After all those winning years, it proved hard for Gordon Clemons, chairman, CEO and one of the founders, to face the possibility that the company was headed for a losing streak. Worse, Clemons had a tough time at the outset deciding that the conditions that conspired to slow CorVel in its tracks weren’t likely to reverse themselves.

CorVel’s revenue slipped from $305 million in 2004 to $291 million in 2005. It wasn’t a precipitous drop, but net income also fell, from $16 million to $10 million, and there were signs of trouble before that, as well.

“For me, I think the biggest challenge as a company has been the last three years when, for perhaps more than one reason, our business got more difficult,” says Clemons. “We went through 15 years of good times, and I think you have a tendency, perhaps, to take it for granted.”

Clemons says that he’s not certain why the critical trends in his business have gone the way that they have, but he knows how they’ve affected CorVel, a company that manages workers’ compensation claims and provides other managed cares services.

Falling claims
Put simply, CorVel earns its revenue, for the most part, by managing workers’ compensation claims for large employers, insurance companies and third-party administrators. So when claims levels are high, CorVel got a lot of work. When claims levels fall off, so does the workload.

Normally, during tight labor markets, when a lot of people are working, the volume of claims tends to rise, and when unemployment is high, the number of claims decreases. So when the economy began to bounce back after the last recession, Clemons had every reason to believe that the number of claims would rise again, allowing CorVel to sustain its 15 percent annual growth rate.

But history wasn’t about to repeat itself. For a variety of reasons, including porous U.S. borders that allow undocumented labor into the country, off-shoring by some industries and reform of the workers’ compensation laws in several states, including California and Colorado — where CorVel has a significant presence — claims volumes didn’t bounce back in the post-recession period.

“Historically, we had been having for about eight or 10 years a 2 percent decline in workers’ comp claims, starting in about ’92,” Clemons says. “I think productivity gains and other things, like a shift to service, were creating that sort of underlying negative trend, which I think was probably going to go on, we thought, perpetually.”

But an unusual and disturbing trend began to take shape. Instead of a slow, steady decline in the number of claims, the line began to drop off sharply.

“Starting three or four years ago, claims started going down 10 percent or 15 percent a year, a very big change,” Clemons says. “Claims are half of what they were four or five years ago.”
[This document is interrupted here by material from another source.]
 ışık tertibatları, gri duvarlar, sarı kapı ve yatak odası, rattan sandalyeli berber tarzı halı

Add to a fast-shrinking marketplace the effect on CorVel of compliance with the Health Insurance Portability and Accountability Act and the Sarbanes-Oxley Act, and it’s easy to see why the company’s net income took a beating. Clemons estimates that legal and accounting costs have increased 14-fold as a result of those two legislative acts.
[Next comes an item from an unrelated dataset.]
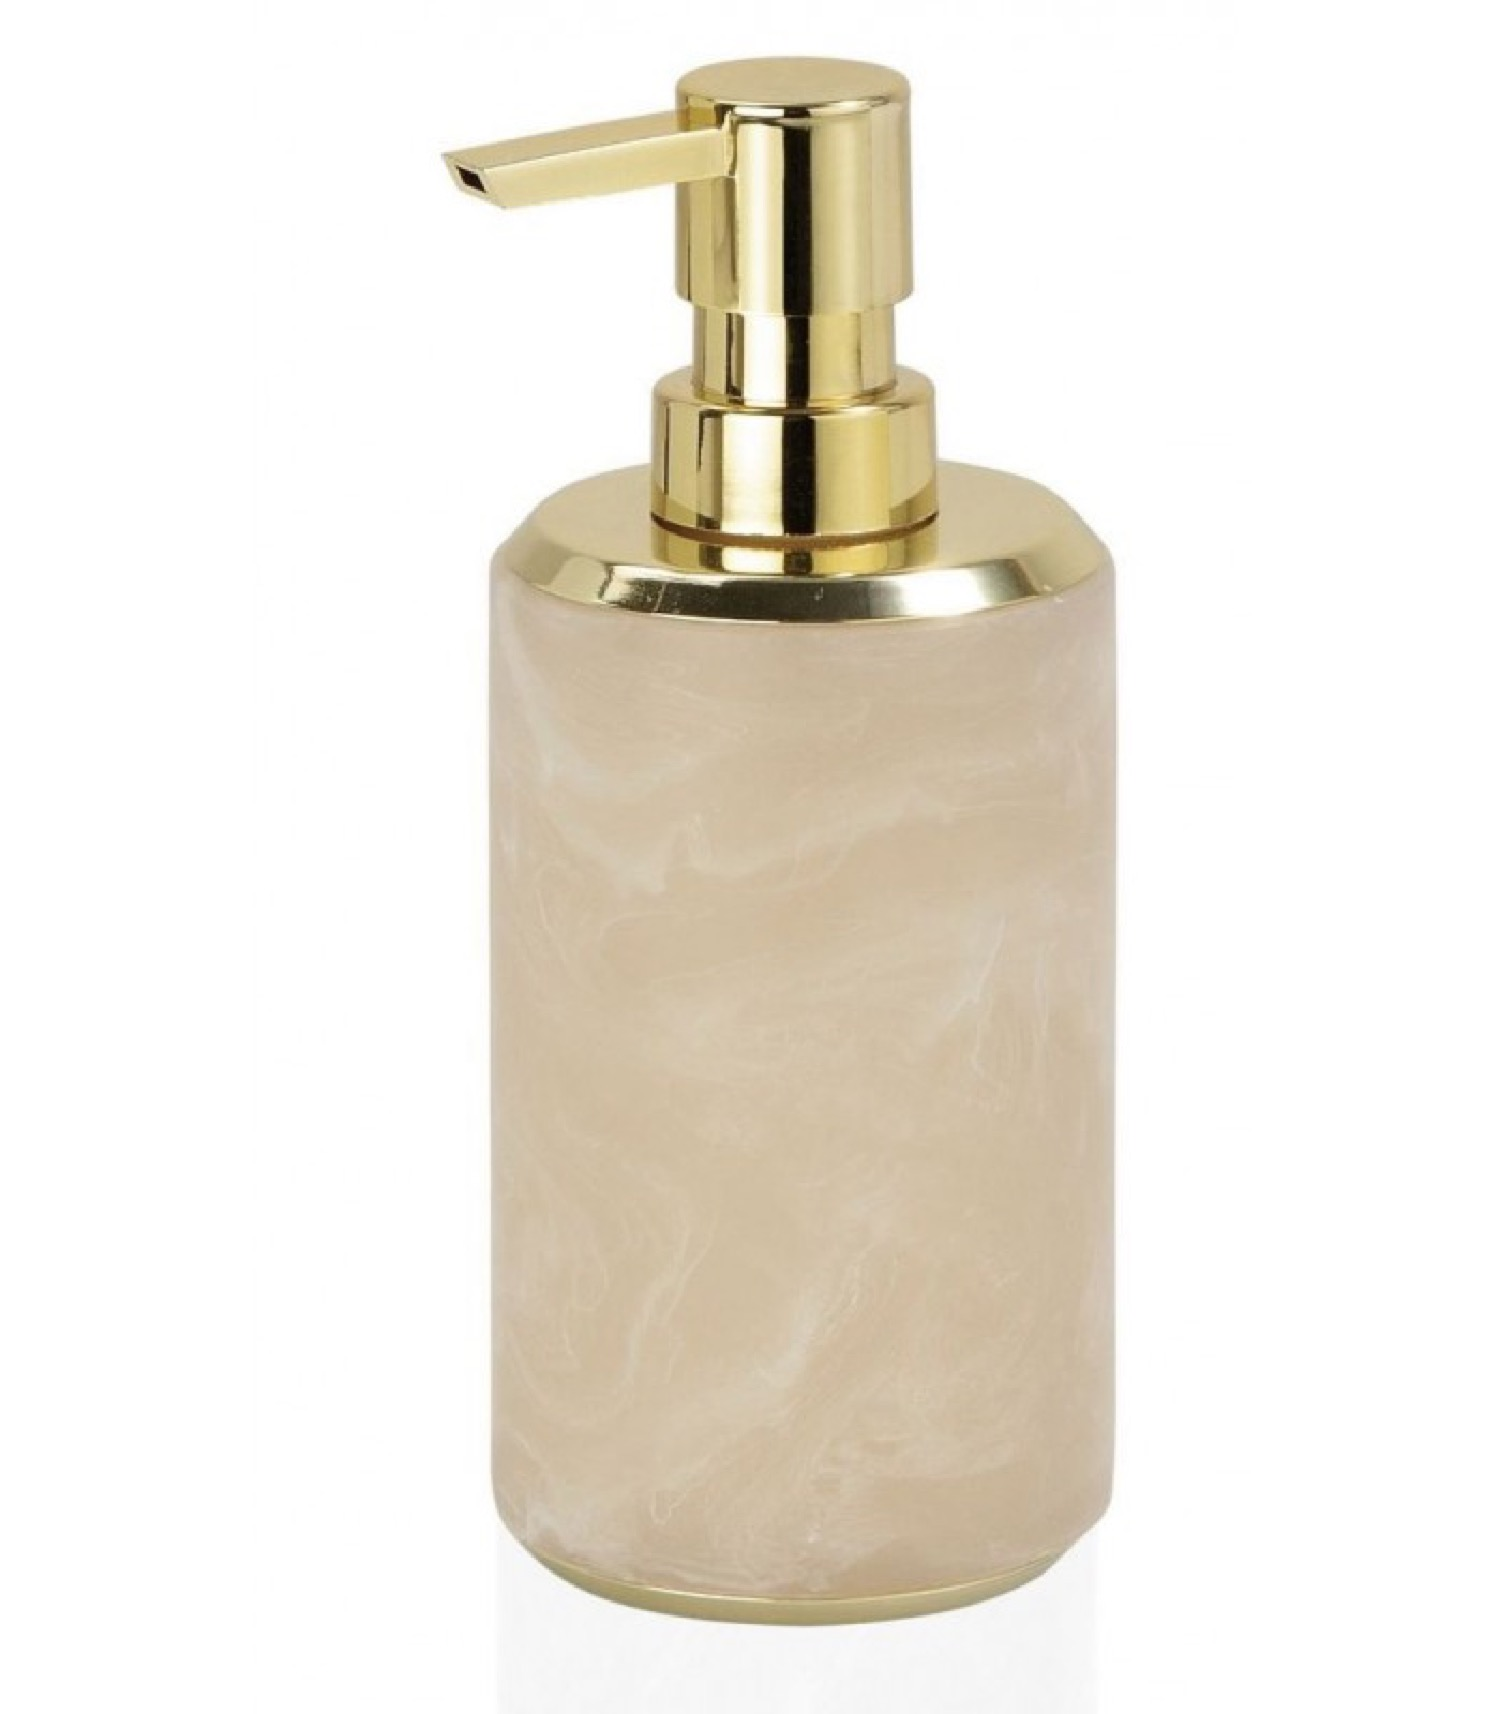 Distributeur de savon en résine effet marbre rose et métal doré

But even in the face of the negative trends, Clemons found it difficult to face the need to change.

“I’ve learned that I exaggerate the amount of change I’m being asked to make, and I have a very hard time changing,” say Clemons. “In business, I think I’m changing a lot, but an outsider might say, ‘I don’t see the difference.’ So the hardest part to accept was we had to let go of some things.

“We believed in constant growth; we had set our incentive plans for constant and perpetual growth. Everything about our business process was focused on more is better, and letting go of that was tough.”

He was slow to react to the need for change because the recession seemed like a brief bump in the road for CorVel, Clemons says. History had shown, too, that there’s a lag of about 18 months between the start of an economic recovery and an increase in workers’ comp claims filed, a fair reason to wait out any slump in the near term.

And CorVel was in good financial shape, with substantial cash on its balance sheet and no debt.

Facing the new realities
Ultimately, however, the trend lines were undeniable. Clemons says at first, the company simply tried to work harder, a strategy that proved flawed because the problem wasn’t grounded in a lack of effort but in the fundamental changes that were occurring in the industry.

“I’d say that eventually, we realized that we needed to do some short-term things to address the need to balance expenses with revenue,” Clemons says. “I think it took us a little bit to recognize that having a goal of 15 percent a year growth was no longer the way we should run the business.

“We needed to not give up on that in the long term, but in the short term, we better batten down the hatches and start bailing water.”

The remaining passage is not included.